Le rav Yonathan Hayoun, nouveau rabbin local, est entré solennellement en fonction le 17 décembre. Les Juifs de cette ville-frontière qui travaillent ou étudient à Genève étaient jusqu’alors, pour l’essentiel, de souche marocaine. Ce n’est plus le cas.
Albert Benchimol préside la communauté d’Annemasse (Haute-Savoie) depuis quatre ans. Ici vivent une centaine de familles juives, pour une population totale de quarante-cinq mille habitants dans la ville et les communes voisines.
Le rav Chmuel Cohen zal a officié dans la synagogue pendant trente-quatre ans. Il dirigeait en outre le centre d’action sociale israélite de Genève. La métropole helvétique est située à quatre kilomètres seulement. Le rabbin est décédé en septembre 2016.
Il a été remplacé au début de l’automne par le rav Yonathan Hayoun.
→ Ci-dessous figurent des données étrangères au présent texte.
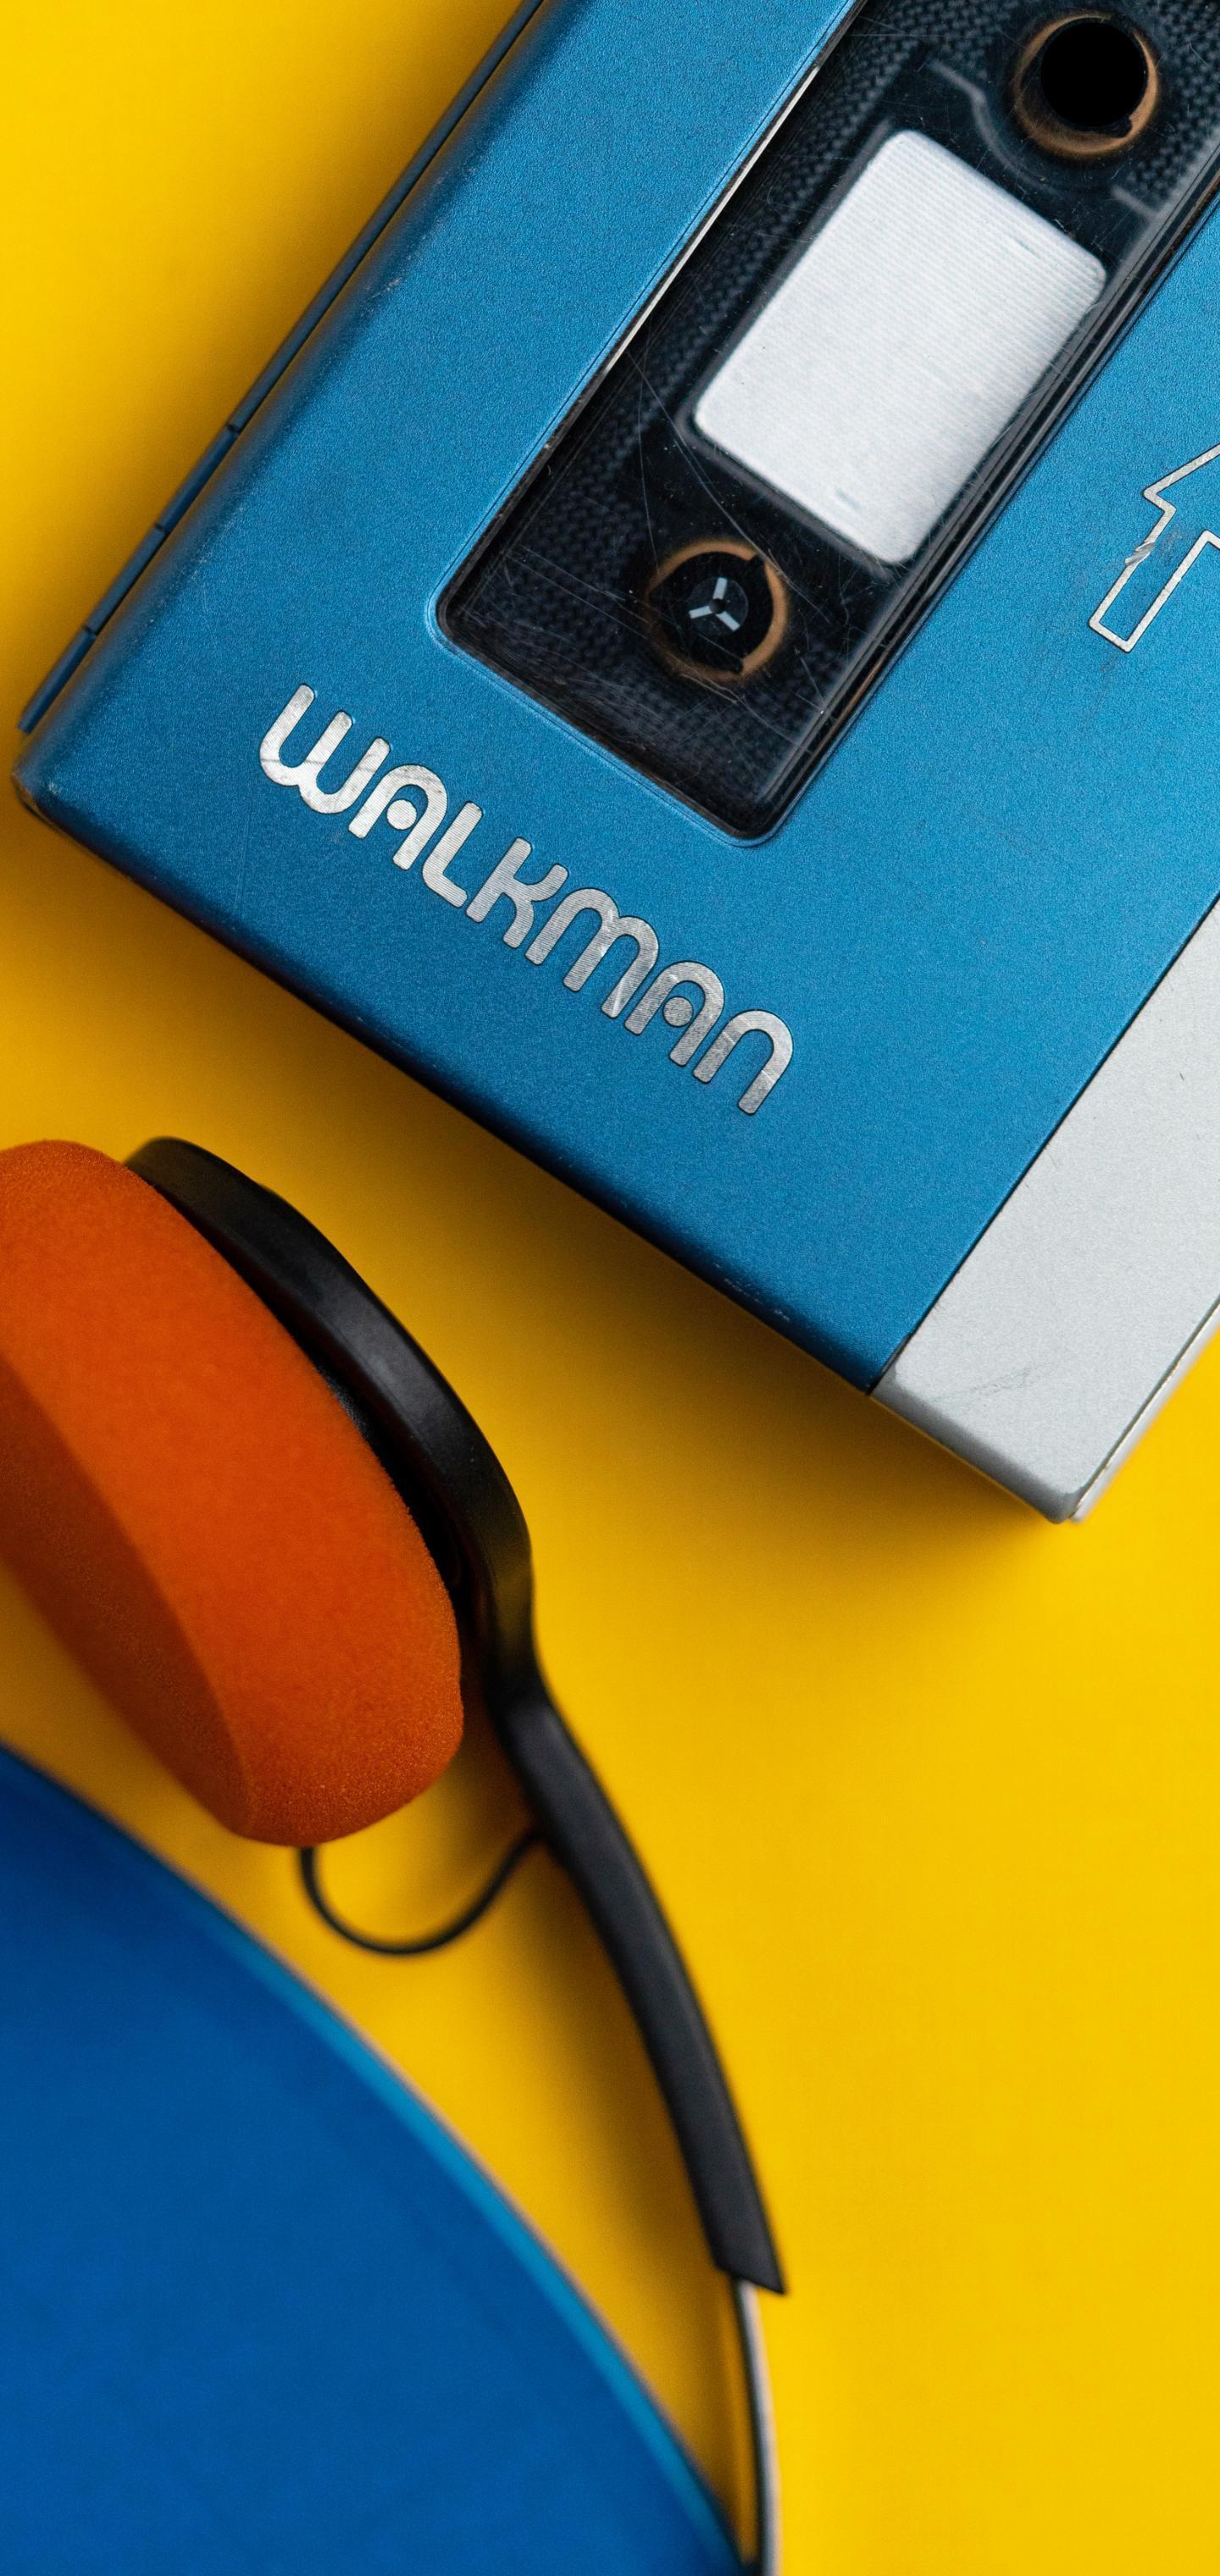 Sony Walkman by Jonathan Morrison. Galaxy S10 Wallpaper

Natif de Metz, ce dernier a notamment étudié à Aix-les-Bains (où il a rencontré son épouse, Aliza) et en Israël.
La cérémonie d’investiture officielle de ce jeune homme très motivé et à peine trentenaire s’est tenue le dimanche 17 décembre, devant cent dix personnes environ, en présence du Grand rabbin de France, Haïm Korsia, et de dirigeants des communautés rhône-alpines, dont le Grand rabbin régional Richard Wertenschlag, venu de Lyon pour l’occasion. Le maire (PS), Christian Dupessey, était là lui aussi. Il a même récité la prière pour la République en compagnie de Haïm Korsia. La députée (LR) de la circonscription, Virginie Duby-Muller, a rappelé le rôle qu’ont joué les montagnards de Haute-Savoie dans le sauvetage des réfugiés juifs qui sont passés par ici sous l’Occupation pour traverser la frontière et échapper aux griffes nazies.
La vie juive, à Annemasse, est intimement liée à celle de la Suisse. S’il y a minyan tous les Chabbats (« et parfois en semaine, précise Albert Benchimol, le dimanche matin ou pour Roch ‘hodech… »), c’est parce que Genève est un aimant inépuisable. On peut travailler ou étudier là-bas sans acquitter les frais exorbitants qu’il est nécessaire d’assumer pour résider dans la Confédération. La solution, c’est d’élire domicile côté français.
Historiquement, le judaïsme local était de souche marocaine. Nombreux sont ceux qui ont franchi la Méditerranée pour trouver un emploi dans le canton de Genève ou s’inscrire à l’école ORT de la même ville. Ils sont désormais retraités et une partie de la jeune génération est montée à Paris, s’est envolée pour Israël ou pour d’autres destinations. Elle a été remplacée par de nouveaux « frontaliers » travaillant en Suisse et débarqués de la capitale ou d’ailleurs dans l’espace francophone. Il y a également des Israéliens inscrits au kollel de Genève.
Une mutation démographique associée à un certain partage des tâches. A Annemasse, on peut prier à la synagogue ou au petit Beth Habad fondé voilà deux ans et on peut faire ses courses dans l’un des deux supermarchés casher de la cité savoyarde. On vient de Suisse et de toute la région pour s’y approvisionner. L’enseignement scolaire est réservé à la communauté de Genève qui dispose de deux établissements. Le premier est géré par l’Alliance israélite universelle (AIU) et le second par le mouvement Loubavitch. La plupart de nos coreligionnaires annemassiens y envoient leurs enfants.
Cela n’empêche pas le rav Hayoun de mûrir une série de projets pédagogiques : davantage de chiourim pour adultes, des cours dispensés en collaboration avec les étudiants du kollel… Son épouse a déjà mis sur pied un Oneg Chabbat pour femmes.